ELISPOT assays were performed to measure the IL-12 secretion by DC and IFN-γ production by PBMC. For IL-12 detection, 1 × 106 day 5 DC were cultured with 50 µg/ml lipopolysaccharide (LPS), ovarian tumour-derived lysate or CRCL in the presence of 1000 IU/ml GM–CSF and IL-4 for 48 h on Millipore MultiScreen-HA 96-well plates (Millititer; Millipore, Bedford, MA, USA). The plates were coated previously overnight with anti-IL-12 p70 capture antibody (10 µg/ml, BD PharMingen, San Diego, CA, USA). DC were then washed out with copious amounts of PBS + 0·05% Tween 20 (PBST). Biotinylated anti-IL-12 antibody (2 µg/ml, BD PharMingen) was added for 2 h. Free antibody was washed out, and the plates were incubated with horseradish peroxidase (HRP)-linked avidin (ABC Elite reagent, 1 drop each of Reagent A and Reagent B per 10 ml PBS; Vector Laboratories, Burlingame, CA, USA) for 1 h, following extensive washing with PBST, and then washing with PBS. Spots were visualized by the addition of the HRP substrate 3-amino-9-ethylcarbazole (AEC; Sigma Chemical, St Louis, MO, USA) prepared in acetate buffer (pH 5·0) with 0·015% hydrogen peroxide. Spots were counted using a dissecting microscope.
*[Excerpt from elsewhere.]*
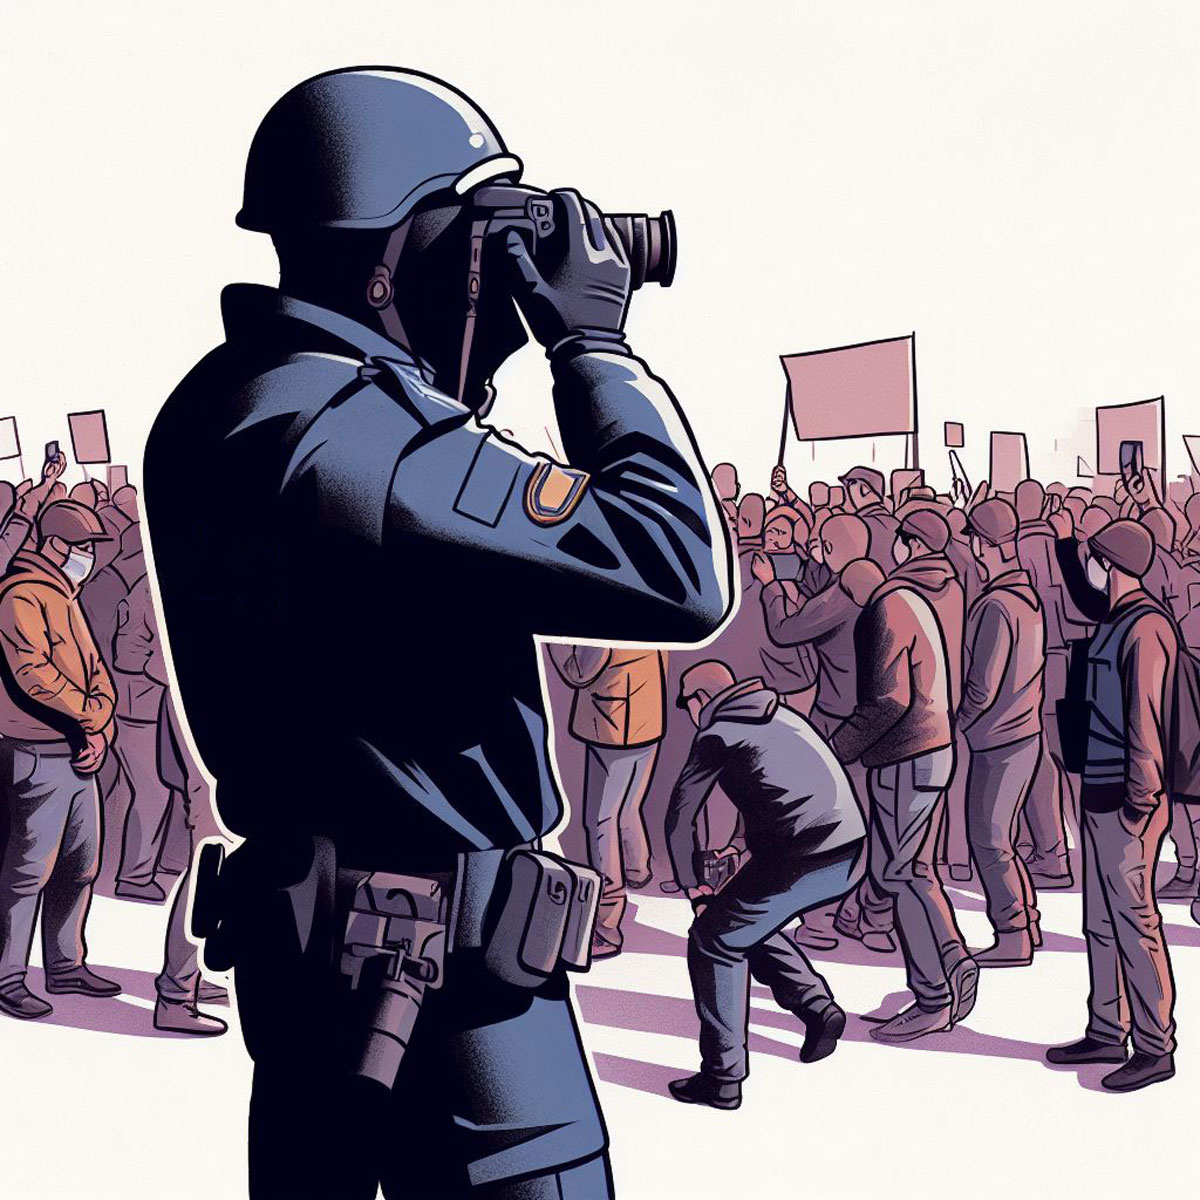 italian police takes photos of people attending a protest in Italy - Illustration

Wells of interest were photographed with a microscope-mounted Cool SNAP CCD camera (RS Photometrics, Tucson, AZ, USA), and images were captured with RS Image, version 1·07 (Roper Scientific, Tucson, AZ, USA). The image of each well was optimized electronically to visualize the maximum number of spots. ELISPOT assays were also performed to measure IFN-γ secretion from stimulated PBMC. DC (2·5 × 104 cells/well) were loaded with the indicated peptide or CRCL (25 μg/ml) and incubated with effector cells (5 × 104 cells/well) in a total of 200 μl of X-Vivo 15 for 36 h at 37°C in 5% CO2. A mouse anti-human IFN-γ monoclonal capture antibody (10 μg/ml/well; Pharmingen) and a biotinylated anti-human IFN-γ monoclonal capture antibody (2·5 μg/ml/well; Pharmingen) were applied to visualize spots.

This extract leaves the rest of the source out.